The news that Congress has teed up national data breach notification legislation yet again hardly gets the blood stirring. Yet another attempt to replace the mishmash of 40-plus state breach notification laws is, as always, a good idea, but we have been down this route several times over the last decade.
The newest version, introduced by Pennsylvania Republican Sen. Pat Twoomey and four other Republican senators is a little weaker and vaguer than the bill introduced by the Obama Administration last year. It is somewhat misleading entitled, “Data Security and Breach Notification Act of 2012,” but doesn’t seem to offer anything new in the way of data security. What it would do is simplify disclosure requirements for businesses that suffer data breaches. Organizations that suffer breaches of personally identifiable information (PII) now have to account for all the states’ requirements, which are similar in nature, patterned after the first one California SB 1386. In effect, SB 1386 created de facto national law in that anyone doing business with California residents (and that covered pretty much anyone doing business on the Internet) had to disclose PII breaches. As more states jumped aboard, it increasingly became standard practice to simply notify everyone whose data may have been exposed.

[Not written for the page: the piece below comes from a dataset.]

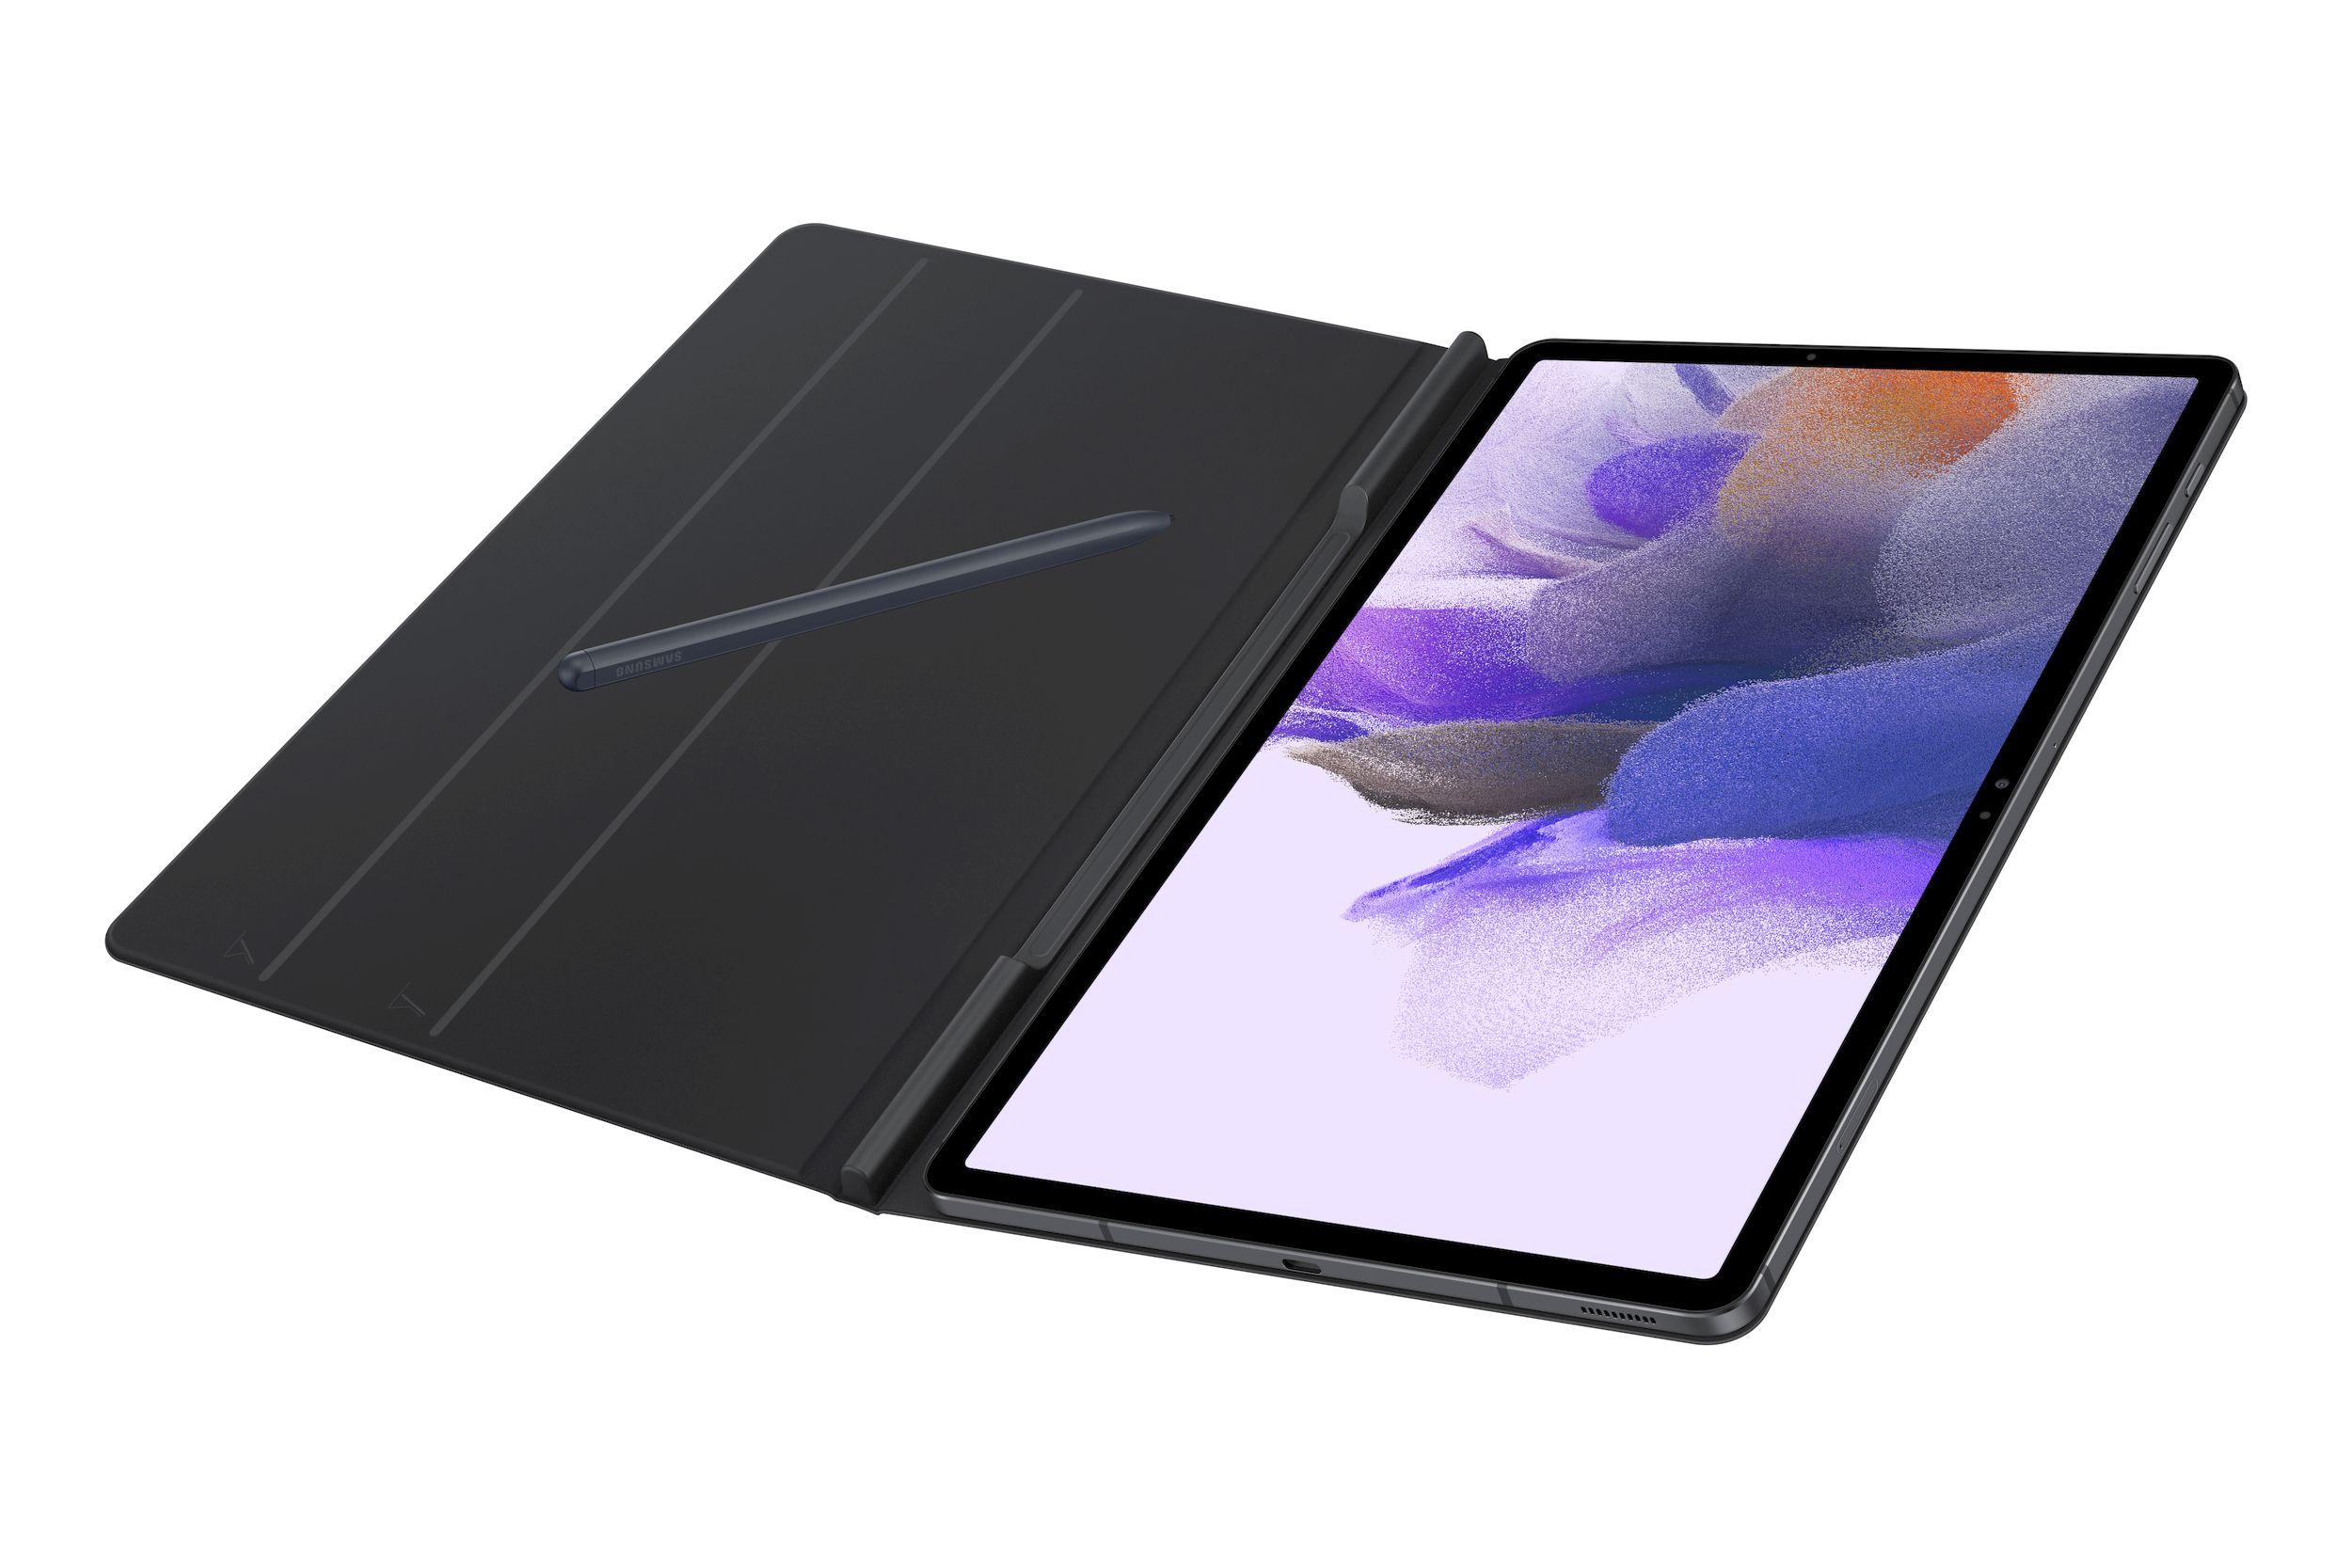 Samsung Galaxy Tab S7+ Lite в четырёх новых цветах Samsung  - samsung_galaxy_tab_s7_lite_vo_vseh_cvetah_i_rakursah_na_press_foto_picture6_0

Once upon a time, data breach disclosures were rare, occurring only if they managed to become public or the victim organization decided to preempt possible disclosure by a third party to control the damage. Disclosure was simply deemed bad for business.
Organizations that do business across the country may typically take the most stringent state disclosure requirements into account and follow those.
Rather a specific time limit, it requires disclosure “shall be made as expeditiously as practicable and without unreasonable delay, consistent with any measures necessary to determine the scope of the security breach and restore integrity of the data system that was breached.” As other disclosure laws, it exempts encrypted or redacted data from the requirements. Security folks blanch at this, because it doesn’t take into account key management or the strength of the encryption, which could render the encryption somewhat academic.
Generally, state laws that exempt encrypted data do not provide safe harbor if the encryption keys are compromised, and some states make no distinction between encrypted and unencrypted data, so this federal legislation would seem to weaken that aspect of disclosure. For these reasons, among others, it is unlikely this legislation will be well received by the Democrat- controlled Senate, and it is a good bet that this legislation, like its predecessors and, frankly, every attempt to pass federal data protection legislation, will fail.